There have been several important market events in Finland in February which may rebalance the paper market in Europe. The country's port and trucking industry workers went on strike on 15th February. Some 9,000 workers took part in the strike. The strike began after the road transport workers’ union rejected an offer by state mediator Leo Suomaa to settle a labour dispute in the transport industry. As a result, the country's logistics chain came to a virtual standstill. Maersk reported that all ship operations at Finnish ports, as well as container handling and processing at terminals, had been suspended. Unions are demanding higher wages and better working conditions, because the cost of living has risen considerably. In particular, the consumer price index (CPI) for food in Finland rose by 16% year-on-year, in December 2022.
Finland is the fourth largest exporter in Europe of pulp and paper, so the frozen shipments are causing shortages of paper products and raw materials, primarily in the European market. There are three major industry players in the country – UPM, Stora Enso and Aurelius. In January 2022, there was a four month strike at UPM which exacerbated the shortage of paper products on the market in Europe. The current strike affects the whole country, so its scale will be much bigger. However, due to the mass nature, it is more likely that the problem will be solved quicker.

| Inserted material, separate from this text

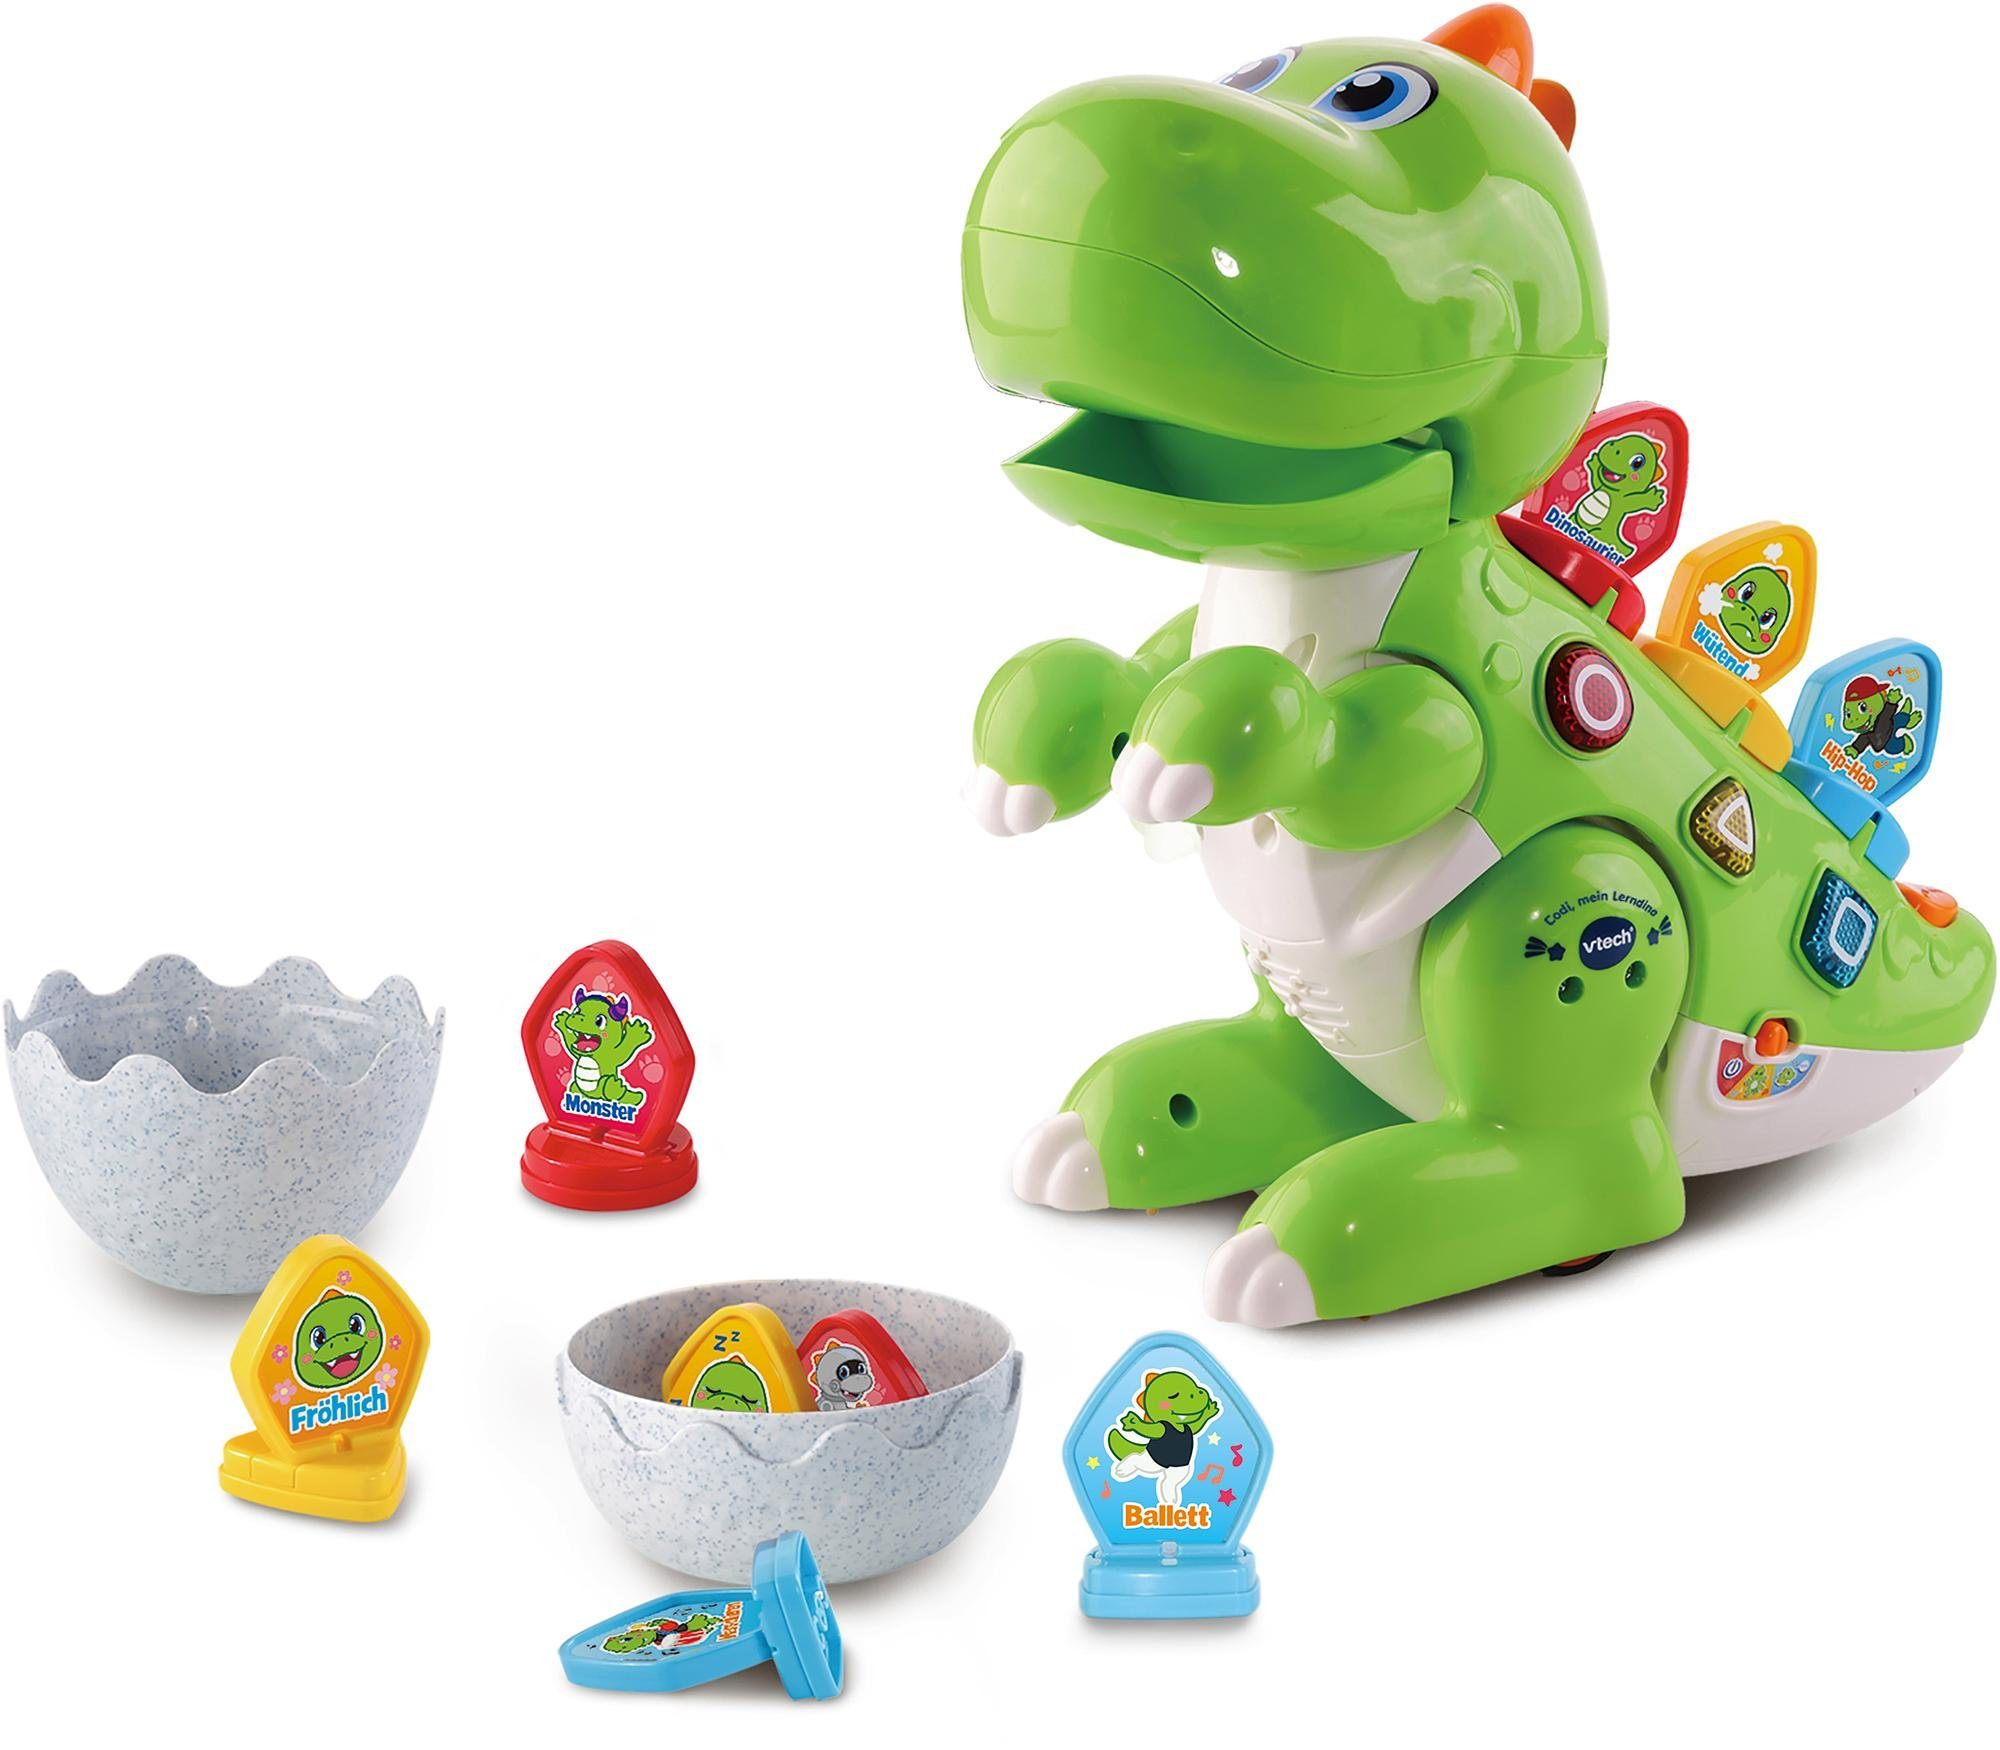 Vtech Lernspielzeug Codi mein Lerndino Technik & Freizeit/Spielzeug/Lernspielzeug/Lernspiele

Nevertheless, the European paper market remains weak. Under the pressure of low demand and high supply, prices for various paper and carton types in Europe started to fall in October and November 2022. Over the last four months, the prices of many paper products have fallen by 11-19% on average, depending on the type of goods. Therefore, a shortage of some products is more likely to make the market more balanced, as opposed to bringing about a rush of demand.
Finland's paper industry has fallen on hard times. Stora Enso has finalised negotiations on temporary layoffs at factories in its packaging materials division in Finland. Up to 1,300 employees are expected to be laid off at the company's plants within 90 days. According to the company, this will allow it to react more flexibly and adapt to the changing market.